The latter. It's unfortunate to hear the National Symphony playing so listlessly, with so little precision, energy and enthusiasm. Brahms done without absolute conviction is deadlier than most composers, and last night one was reminded of the tired old joke by George Bernard Shaw -- that Brahms's Requiem can be borne patiently only by the corpse. One hates to repeat it. One can't help it.

Things didn't start out well. It was inspired to pair the Requiem, which lasts more than an hour but less than an evening, with Brahms's Variations on a Theme by Haydn. An all-Brahms program is box-office gold, if not terribly imaginative programming. But these two pieces are very compatible, the Requiem giving you the essence of Brahms, and the variations the whole of him.

Well played, inspirited with bumptious joy, rustic sweetness and occasional notes of sentimentality and nostalgia, these variations on a simple-minded tune are a catalogue of everything Brahms could do with the orchestra. But it was a different sort of catalogue in Masur's hands. The winds were dry in the theme, the strings heavy and a bit sour in the first variation, the phrases long but unshaped in the third, the horns problematic in the sixth, the pulse and mood narcoleptic in the seventh, and the eighth was purely formless.

The blame seems to lie with Masur, who looks tired and conducts with wagging hands and uncertain gestures. Masur is 81, and he has a right to be tired. Some conductors make magnificent music through the most excruciating physical declines. But Masur was not making magnificent music last night. That's sad, but it's a fact.

Brahms's Requiem can provide consolation about such facts but only if it's played from the very first notes with an exalted philosophical hush. It's a rare spell when it works, and anyone who has fallen under its influence will defend the piece against all detractors, Shaw included. But if the listener isn't forcibly transported to Brahms's uncertain, agonizing, agnostic world of doubt and hope, the piece simply lumbers along.

The best of the performance belonged to the vocalists, especially the Master Chorale of Washington. They hid much of the lackluster playing of the orchestra and produced a pure, balanced, clear sound, especially lovely in quiet passages. But throughout the performance, one wished someone was challenging them to produce greater contrasts, sharper delineations of the musical mood.

The second movement, a kind of death march cobbled together with a reflective idyll, needed a more menacing tone in its opening lines, but alas, Masur allowed the dotted rhythms to be played flaccidly, blunting the darker edge of the music. The grand choral conclusion to the sixth movement was well done as a musical exercise. But again, how much better it sounds when it is set up, dramatically, from the beginning of the Requiem, when it contrasts more strongly with everything that has come before, so that the cries about death and death's sting are horrifying, not merely loud.

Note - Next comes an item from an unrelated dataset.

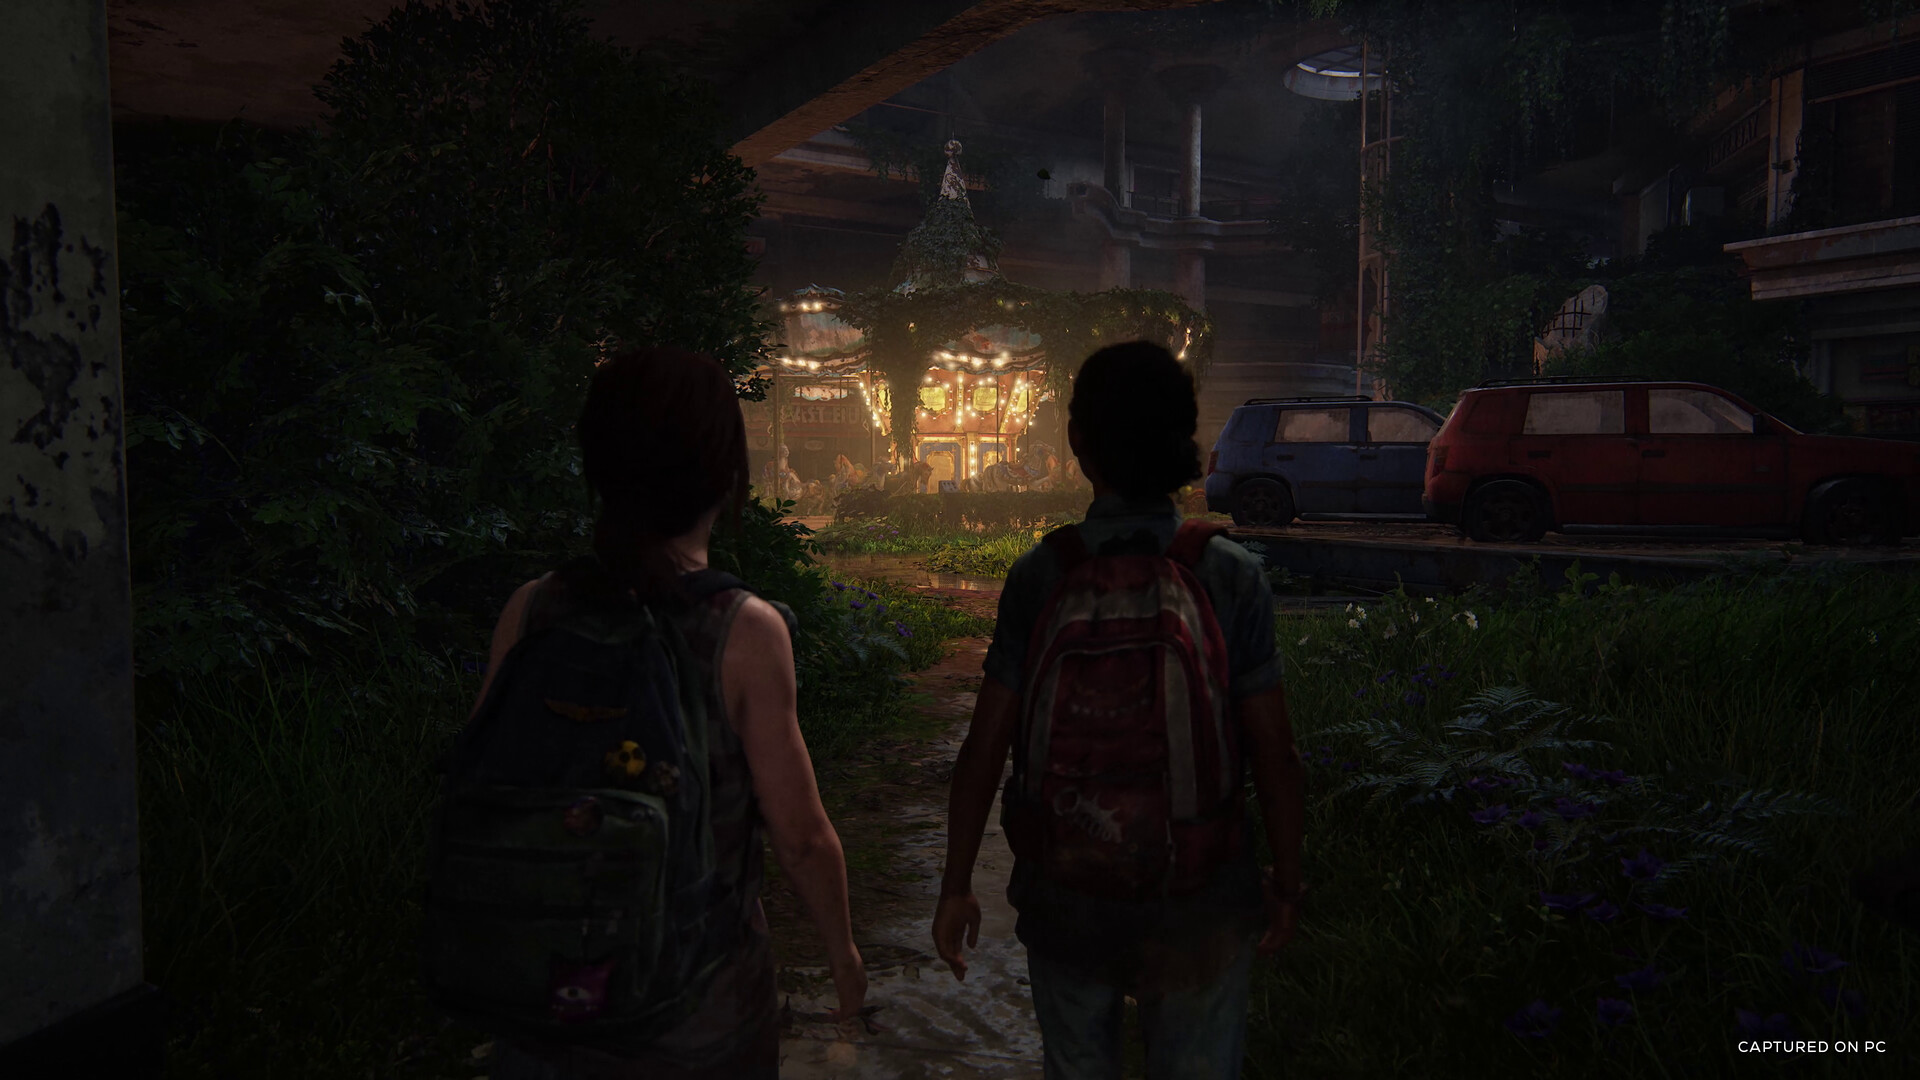 最后生还者-美末1/The Last of Us™ Part I（v1.1.2.0+预购奖励+前传-全DLC）-彩豆博客

John Relyea, a bass-baritone, was value added. His voice has not only depth and gravity, but also flexibility and pliancy, and he was able to produce both a stentorian Old Testament sound and a long, shapely line. In the fifth movement, soprano Heidi Grant Murphy was covered, much of the time, by the orchestra and chorus. When clearly audible, she sang sweetly, but she didn't lead one through this difficult, even opaque music, with much intellectual confidence.

It was a frustrating night. Anyone who loves the Requiem has a list of favorite phrases that call out to be squeezed hard, loved brutally, wrung until they give a little blood. But there was little musical tough love last night, just a desultory tour through a familiar piece of music.

The performance repeats tonight and tomorrow at 8 p.m.